Hi All: You often hear people ask, "What does our Standard Celeration Chart Do?" Of the many answers, one of the best is, "It simplifies things."

 

  • It simplifies charting so that six year olds can learn it and teach it to others.
  • It simplifies chart reading, making it so fast that we can share charts at 2 minutes each.
  • It simplifies chart checking so much that you can check for x2 learning on 60 charts posted on a ten foot stretch of wall as you walk past without slowing your pace.
  • It simplifies understanding of all growth and decay. An example of this is how our standard chart simplifies the famous Fibonacci series.

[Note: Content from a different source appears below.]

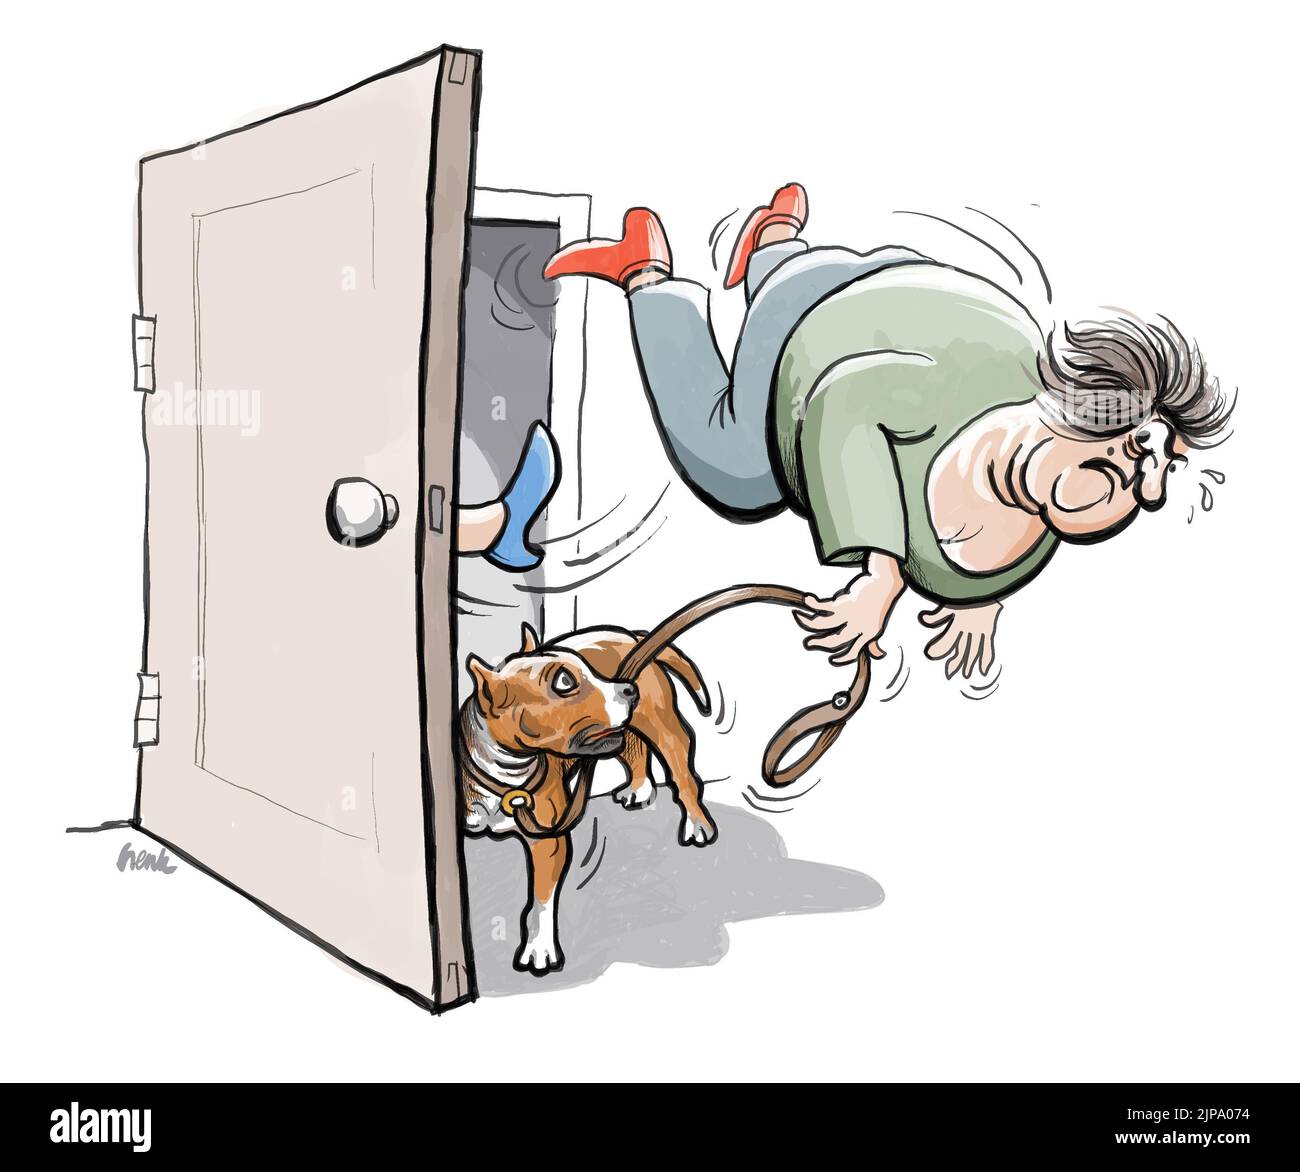 VET lance un propriétaire de chien Staffordshire hors de la porte parce qu'ils arguent sur une méthode de traitement. Au revoir. Caricature vétérinaire Banque D'Images
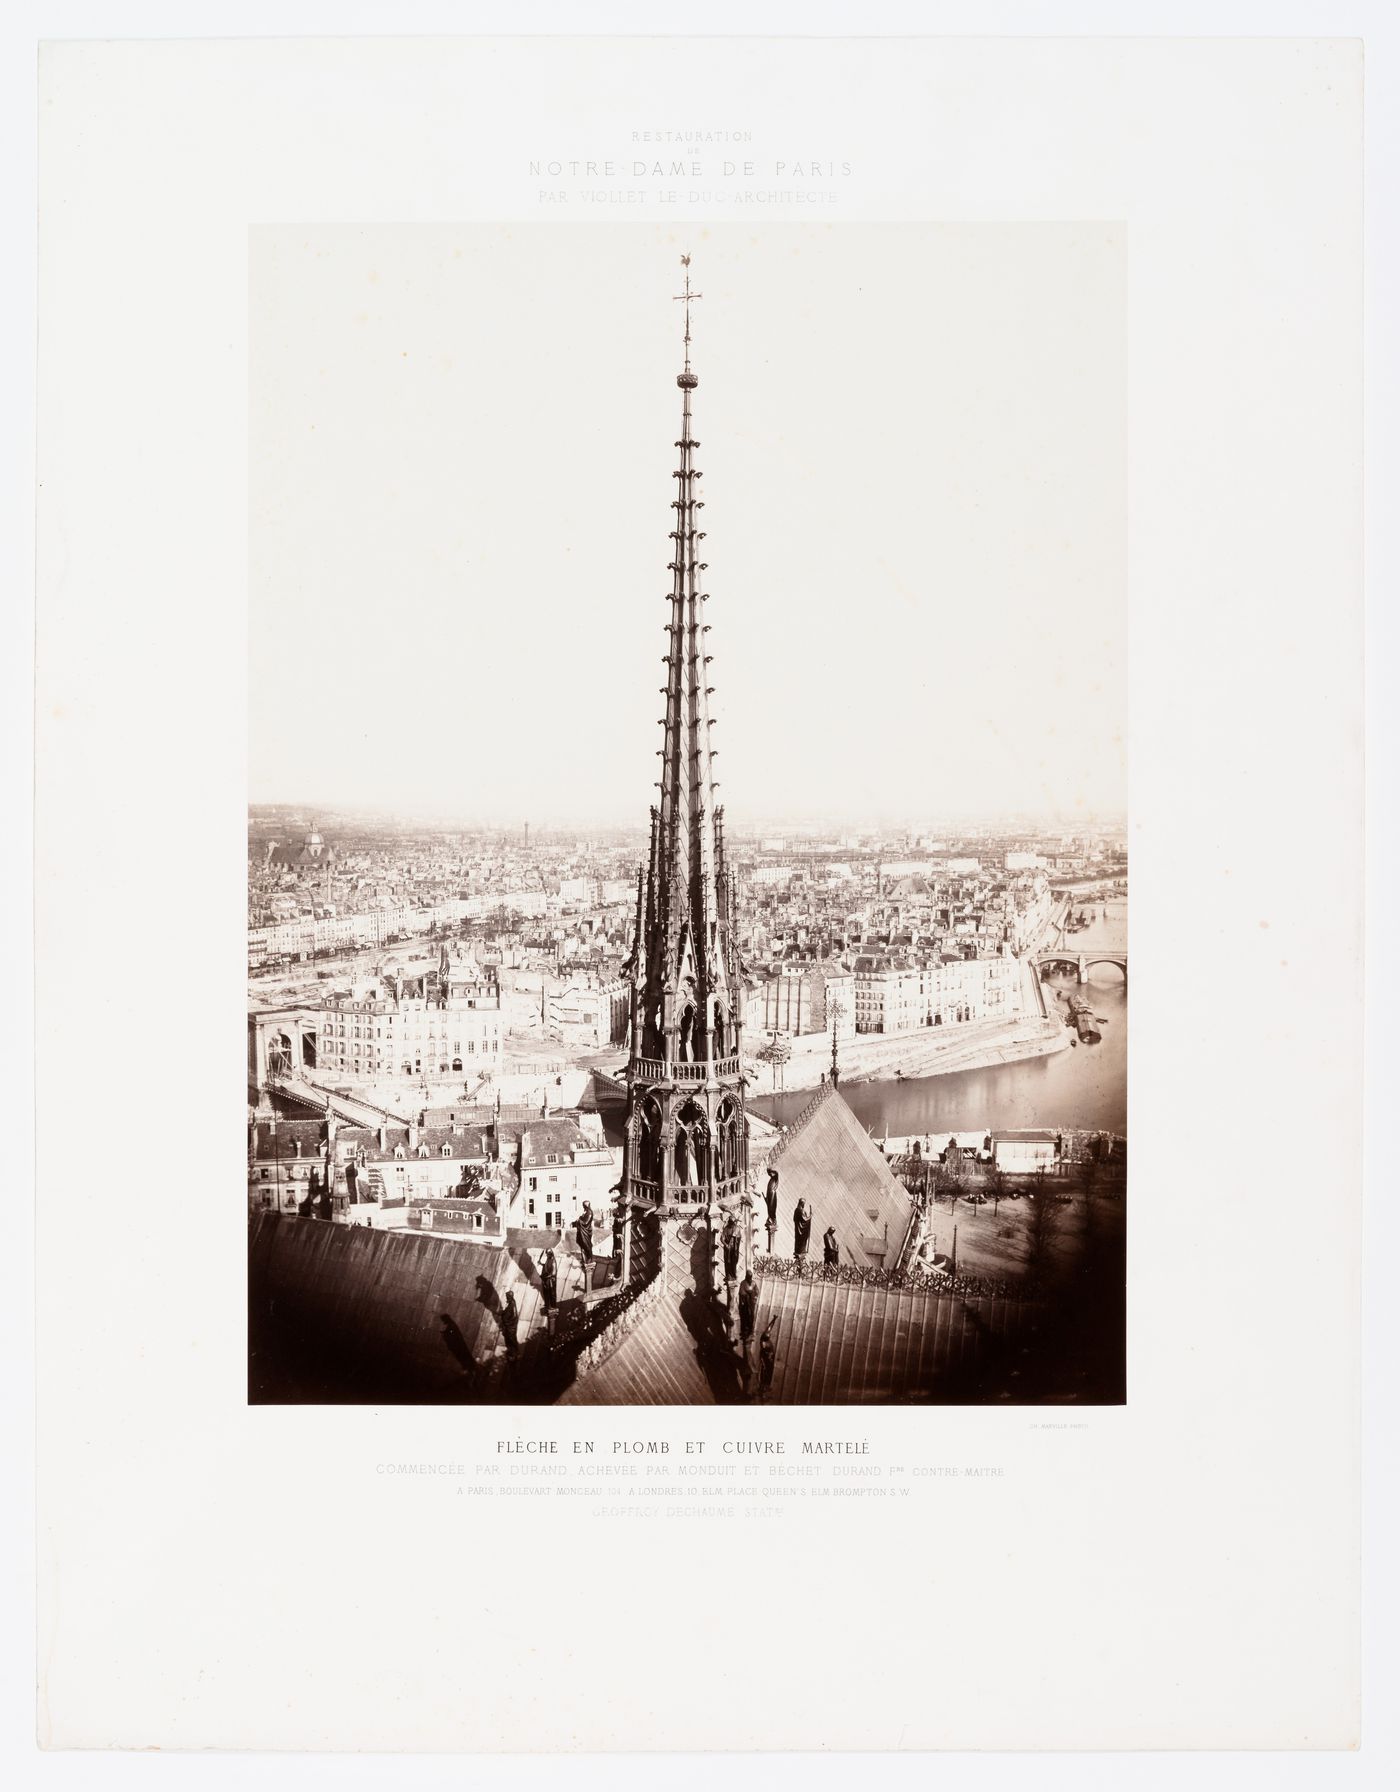 Restoration of Notre-Dame de Paris: View of steeple and Paris, France

In the early 1970's when I worked out "ChartStat" I was amazed to find that almost every mathematical series, that I had learned years ago in calculus, was a straight line on our standard chart. The formulas for harmonic series, and Fibonacci series, and others, were very different. But they were straight lines, just at different angles, different constant multiples, and therefore different celerations.

The Fibonacci series, that Owen White finds so interesting in his "Log" and "Power" charts List serv post, where the next number is the sum of the two numbers before it, follows:

1, 1, 2, 3, 5, 8, 13, 21, 34, 55, 89, 144, 233, 377, 610, 987, 1597, 2584, 4181, 6765, 10946, 17711, 28657, 46368, 75025, 121393, 196418, 317811, 514229, 832040, 1346269....

What surprised me, and will surprise Owen, and should surprise you, is that the Fibonacci is merely a times 1.618 series,

5 x 1.618 = 8, 8 x 1.618 = 13, 13 x 1.618 = 21, etc

This means, of course, that it forms a straight line on our Standard Celeration Chart.

Charted on a daily chart, x1.618 per day makes a straight line celeration of about x47 per week. Charted on a daily chart at x1.618 per week makes a celeration of x1.6 per week. Charted on a yearly chart at x1.618 per year makes a straight line celeration of x10 every five years.

When things are actually only multiplying, we simplify by telling how much they multiply. No need to create puzzles as did Fibonacci, and White, by calling attention to a strange addition formula to describe constant multiple growth. Describing multiplication by addition just complicates and confuses.

Resist being led back to Fibonacci and the year 1228. Think multiply!

We have a good thing going for us. We have multiplication!

Keep it Simple. Keep it multiply. Keep it graphic. Keep it standard.